Is my interpretation of $$\beta_1$$ correct? If not, how can it be improvised?

$$\beta_1$$ is the relationship between Size and Price and the model inherently requires that this relationship is the same for all houses, regardless of the value of $$DW$$ (that is, regardless of whether the house is next to water). Another option, as you mentioned, if you believe the relationship between $$Size$$ and $$Price$$ could be different for houses next to or not next to water, would be to add an interaction term: $$\beta_3 * Size * DW$$.

In addition, rather than a dichotomous $$DW$$, you could turn this into a continuous variable by using distance from water as a regression variable, which would allow for differences in predicted $$Price$$ for houses of a given size but different distances from water. But maybe there's a big premium for houses right next to the water, so you might want an even more flexible model that allows $$Price$$ to change non-linearly with distance from the water.

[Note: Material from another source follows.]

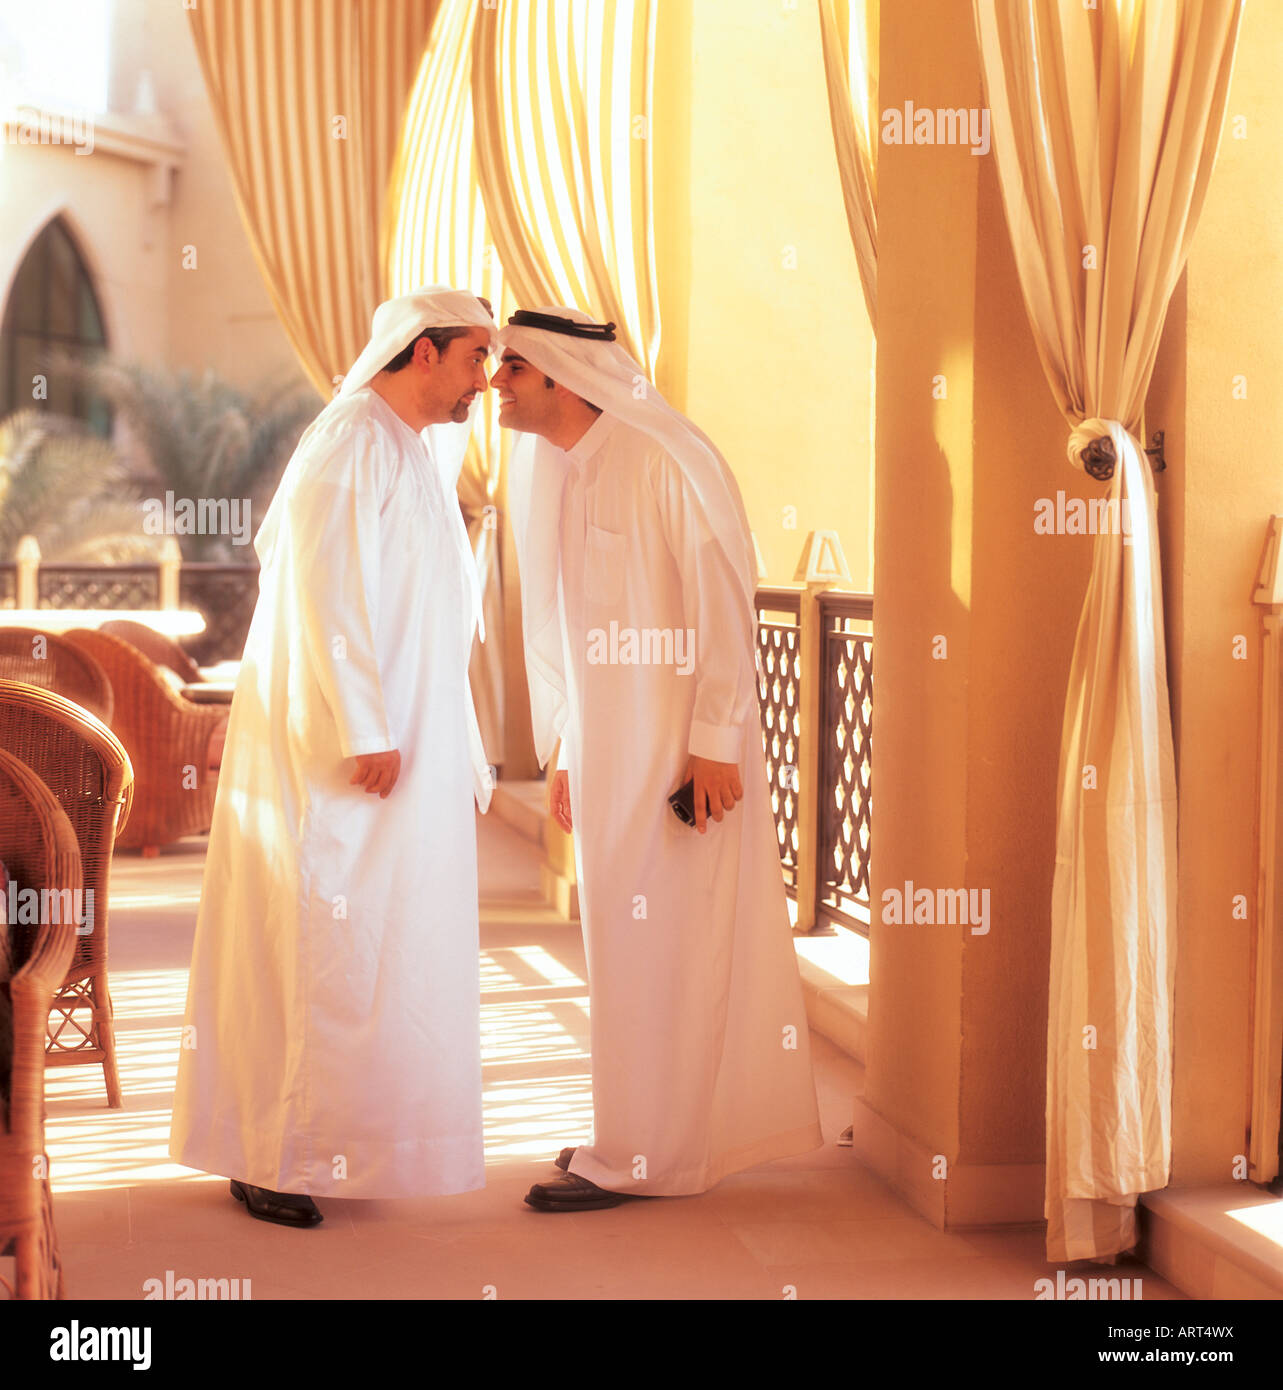 Arab men rubbing their noses traditional greeting stock photo arab men rubbing their noses traditional greeting kristyandbryce Choice Image

This answer to this question, and indeed to all "how do I interpret a linear regression model", is to remember two things:

1. Regression is to estimate a function using data
2. In order to calculate the effect on the outcome of the function resulting from a change in one inputs, we can simply calculate the derivative of the function w.r.t. the input i.e. $$\frac{\partial Price }{\partial X_i}$$

The interpretation of $$\frac{\partial Price }{\partial X_i}$$ really is: What happens with price when I change only $$X_i$$ and nothing else. From your model it's clear that $$\frac{\partial Price }{\partial Size} = \beta_1$$. As you say, the implicit assumption is that the marginal effect of size on price is constant no matter where the house is located - this may, or may not, be a reasonable assumption. However by interacting DW and Size, you can allow the model to capture that Size might be moderated by location.